Granted, it appears to be an exception to the rule that all subroutines
must have output. And really, these days, the majority of
programmers don't go about writing delay loops like this. Nope,
they make calls to sleep()
which … um … causes the program
… to … um … delay … for a period of time.
Well … um …
But …
But it seems wrong to conclude that subroutines may have output.
Because outside of a few esoteric subroutines like my DELAY
routine, or sleep()
, a subroutine must have output or
else, why bother calling it?
How to reconcile this?
How indeed.
But what if I now ask the question: “What is output?”
In the case of DELAY
, I'm calling the subroutine not for any
tangible result, but for the side effect of doing nothing for 3,333
µseconds. And in general, output is a type of side effect
(as any functional
programmer will tell you), since output affects the state of the program
(outputing a “y”, followed by a second “y” changes some state somewhere,
if only to advance the printing location of subsequent characters).

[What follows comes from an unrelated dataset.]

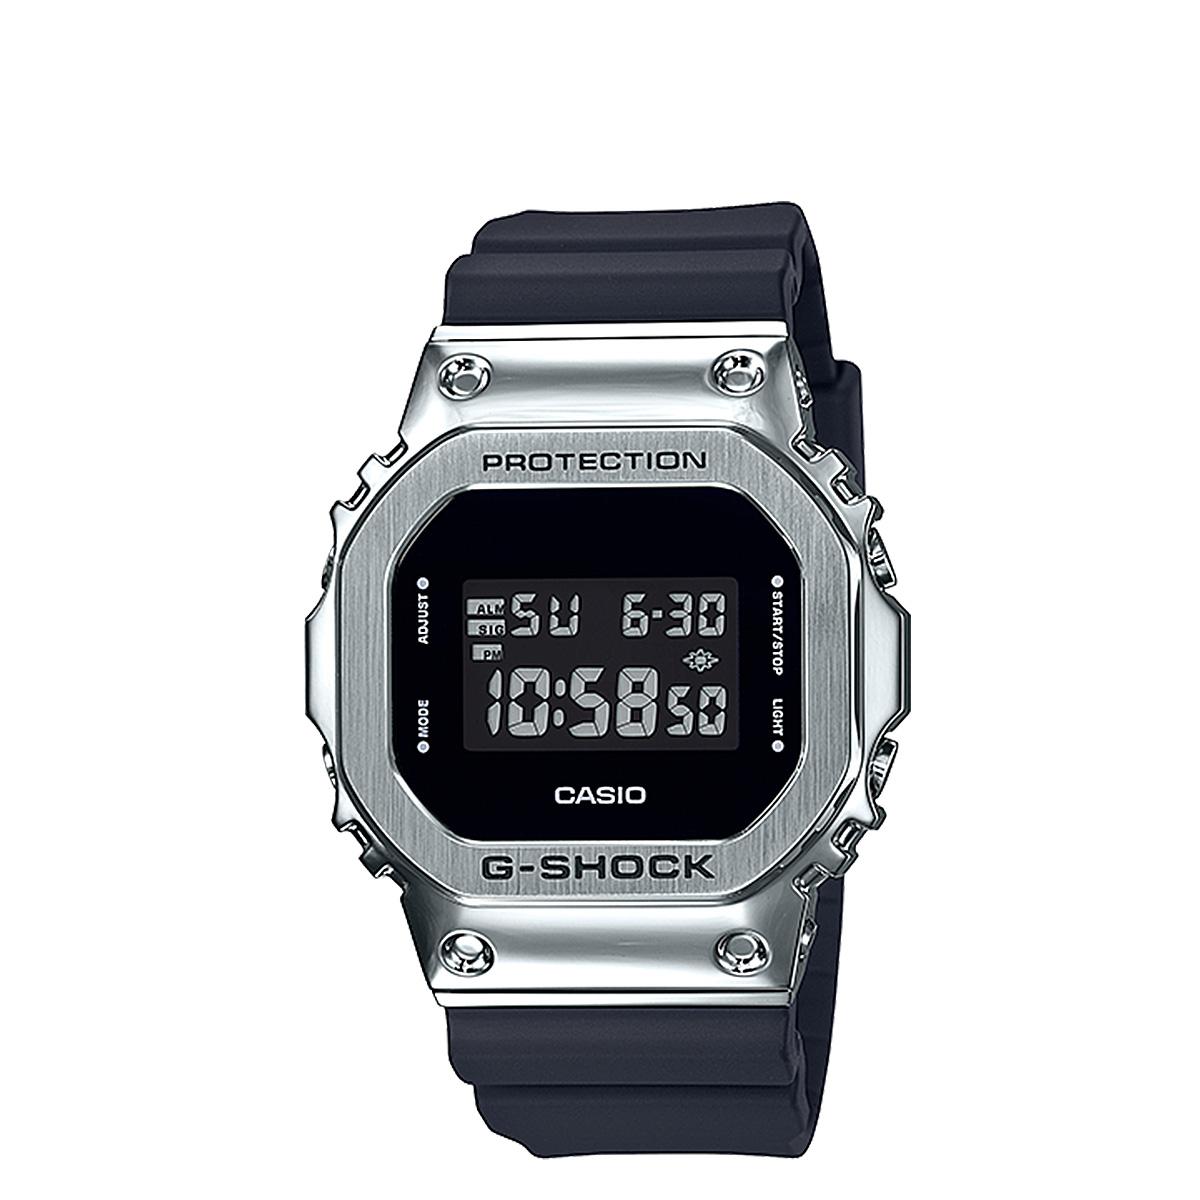 CASIO G-SHOCK カシオ 腕時計 GM-5600-1JF ジーショック Gショック G-ショック メンズ レディース ブラック 黒
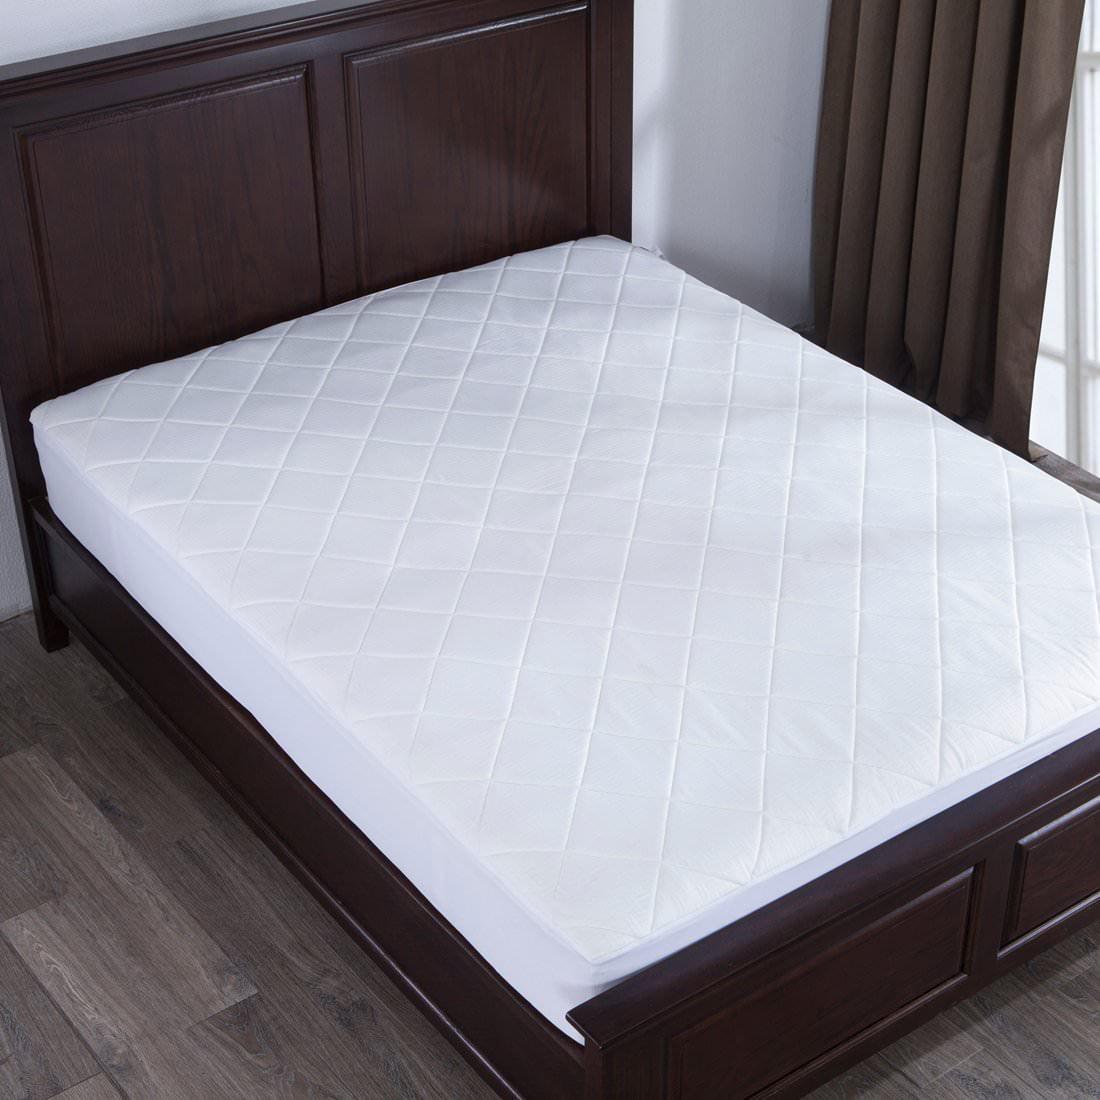 Puredown Memory Foam Mattress Pad Bed Topper, Diamond Quilting, King Size

So, if side effects are considered a type of output, and
DELAY
has a side effect, then it can be considered to have
output, so now I don't have to reconcile anything—subroutines
must have output.
Like I said, it was nothing earth shattering here, but even Euclid started from a simple straight line [2] and from there expanded upon geometry.
- Actually, this code assumes a 1MHz clock rate on the CPU. The actual clock rate on the Computer Computer was 0.89MHz, but I used 1MHz for this example to make the math easier on me.
- Although you start getting odd results when you question the nature of a straight line.